Del 7 Febbraio 2024 alle ore 14:47
Eccoci, ci risiamo. Un altro Festival di Sanremo di Amadeus e si spera sta volta sia davvero l’ultimo. Sì, e lo dico nonostante il 65,1% di share della prima serata – ossia, da quel che pare, la media più alta dal 1995 – perché gli ascolti importano alla macchina televisiva, non a noi spettatori. Ammettiamolo, non aspettavamo altro che la “settimana santa” della musica e non ce la saremmo mai persi, ma abbiamo avuto tutti la stessa sensazione.

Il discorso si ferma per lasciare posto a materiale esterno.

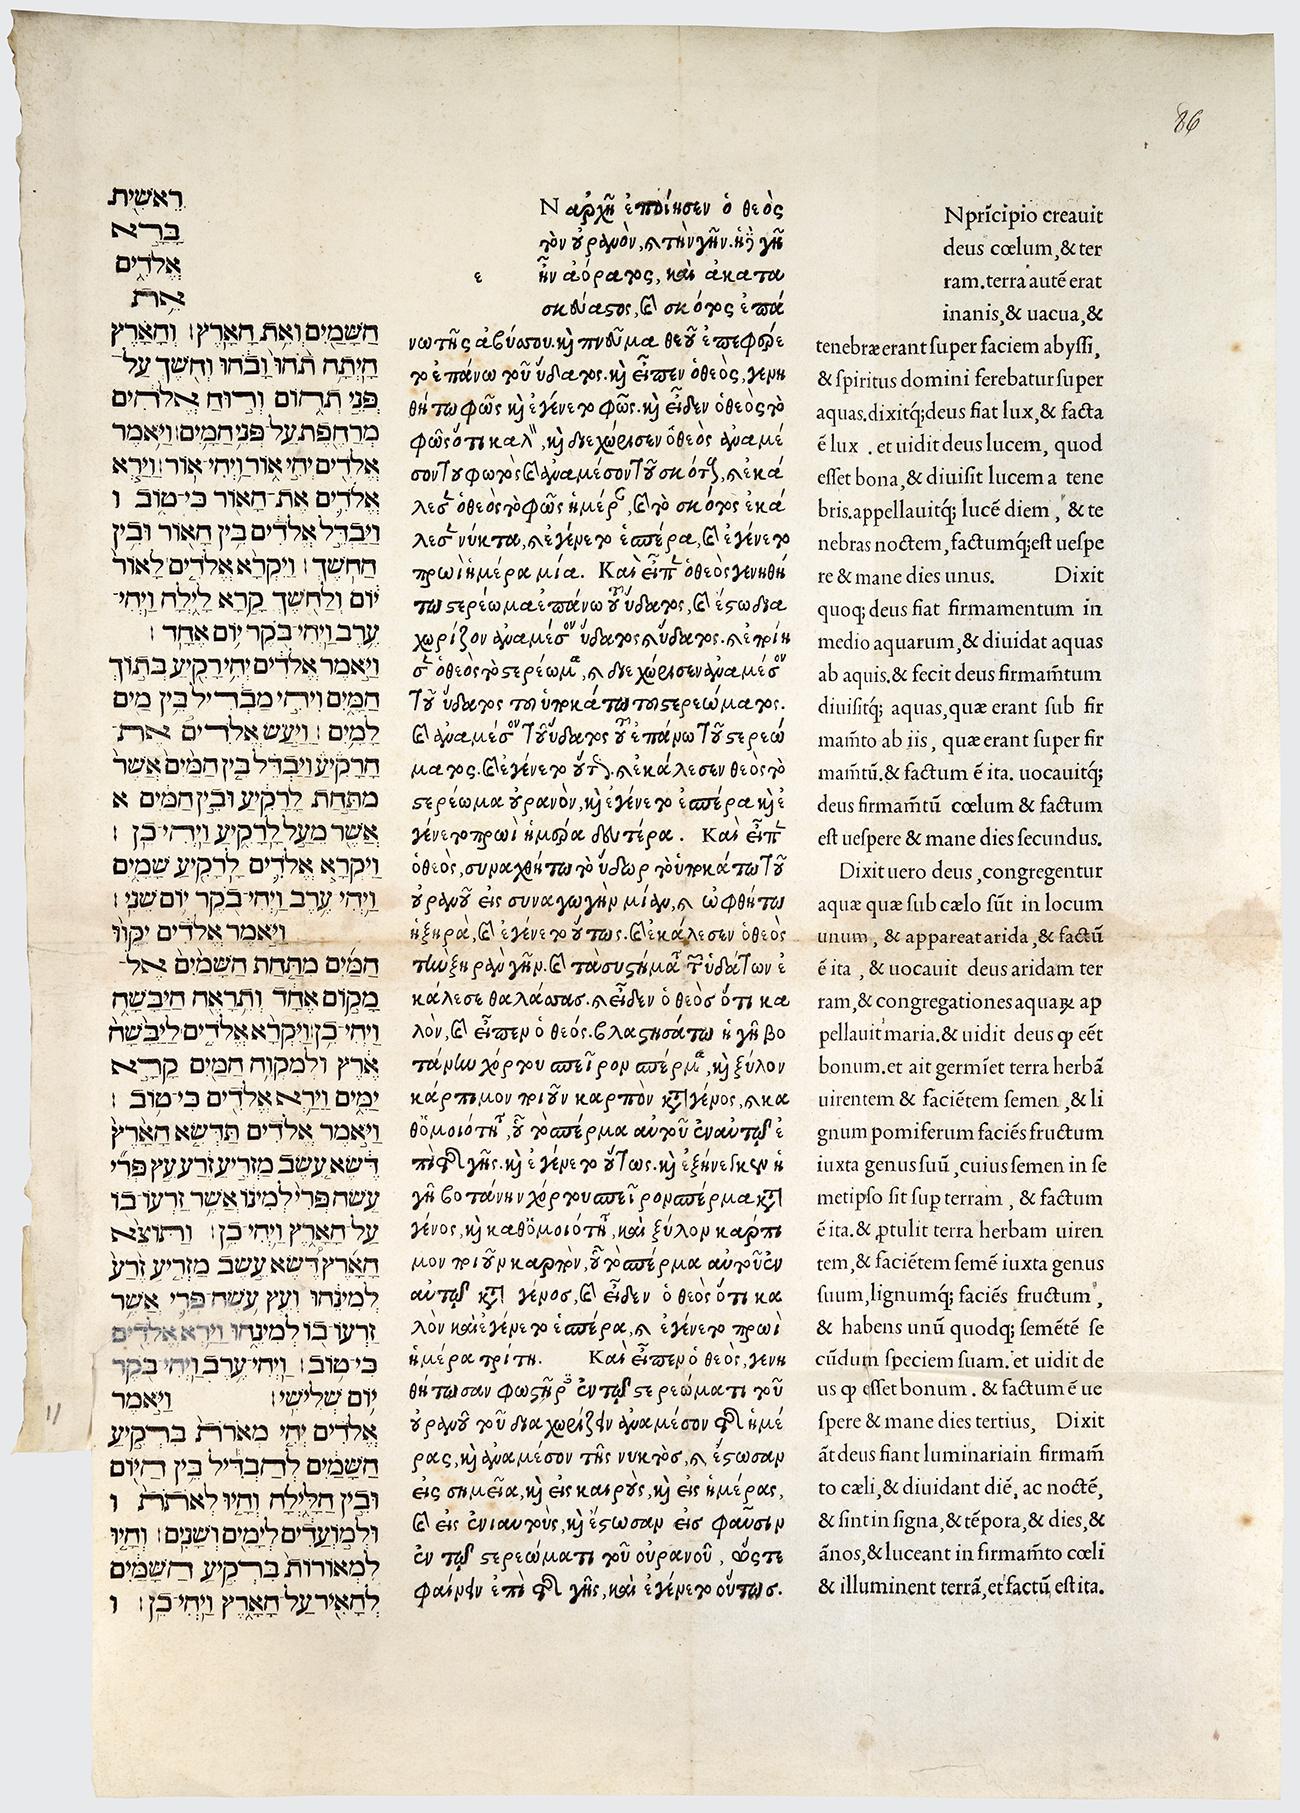 Bibbia Poliglotta, Aldo Manuzio, 1498-1501, Bibliothèque Nationale de France

Troppi cantanti in gara. Se prima che iniziasse era un presentimento, ora è certezza. Il fatto di voler rilanciare un Festival incentrato sulla musica è sfuggito evidentemente di mano. Cinque o sei si sarebbero potuti evitare, un po’ per le canzoni che artisticamente non aggiungono nulla alla kermesse, un po’ perché seguendo questo modus operandi siamo arrivati alle 2 di notte e, se non fosse stato per Marco Mengoni, strabiliante anche come co-conduttore e showman (avevamo dubbi?! io non credo), ci saremmo addormentati. Non tanto noi giovani che con il FantaSanremo, le pagelle amatoriali e i meme abbiamo resistito fino alla fine (e non senza sforzo), ma più che altro per tutti coloro che non usando questi mezzi stanno perdendo l’attaccamento al Festival. E non è una illazione, è l’effetto contrario del pre Amadeus: qualsiasi mio coetaneo prima che Sanremo diventasse materiale da social, ricco di trash e una fucina di tormentoni, o non lo aveva mai visto o non lo vedeva più appositamente perché noioso e “vecchio”.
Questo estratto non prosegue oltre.